The only clinical signs consisted of reddish vaginal discharge in 1/24, 1/24 and 3/24 females given
0, 300 or 1000 mg/kg/day, respectively, on Day 13 or 15 p.c., and area of hair loss observed on different parts of the body in 1/24 females given 1000 mg/kg/day between Days 16 and 18 p.c.. As these signs were reported both in control and test item-treated animals, on limited occasions and/or are findings commonly observed in females of this strain and age, they were considered to be unrelated to the test item treatment.
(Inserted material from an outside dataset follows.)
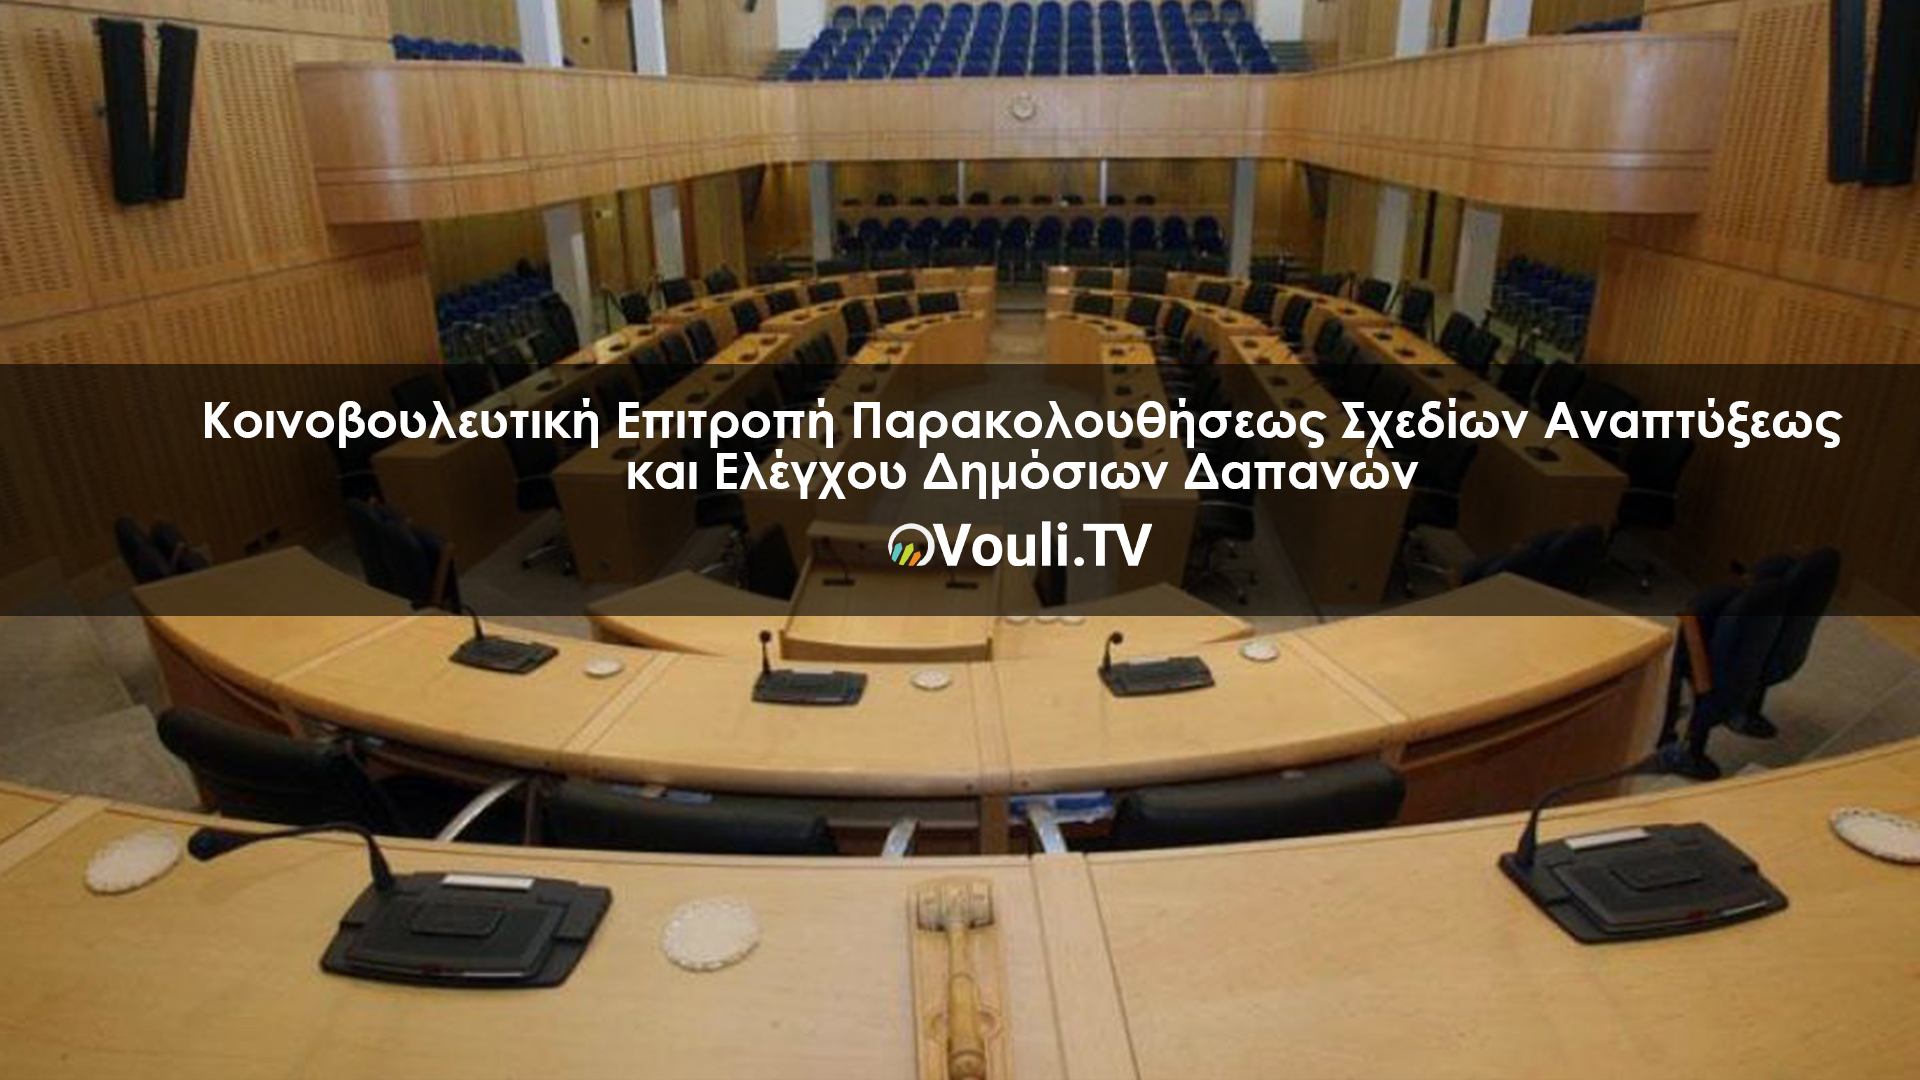 Κοινοβουλευτική Επιτροπή Παρακολουθήσεως Σχεδίων Αναπτύξεως και Ελέγχου Δημόσιων Δαπανών | Vouli report 15/09/2022

Body weight and body weight change:
At 1000 mg/kg/day, the mean body weight gain was lower than controls (+127 g vs. +153 g). This difference was due to the lower body weight gain recorded between Days 18 and 21 p.c. (+38 g vs. +57 g in controls, p<0.05). This effect on mean body weight gain was attributed to the test item treatment and correlated with reduced mean food consumption during the period of Days 18 to 21 p.c. (see below).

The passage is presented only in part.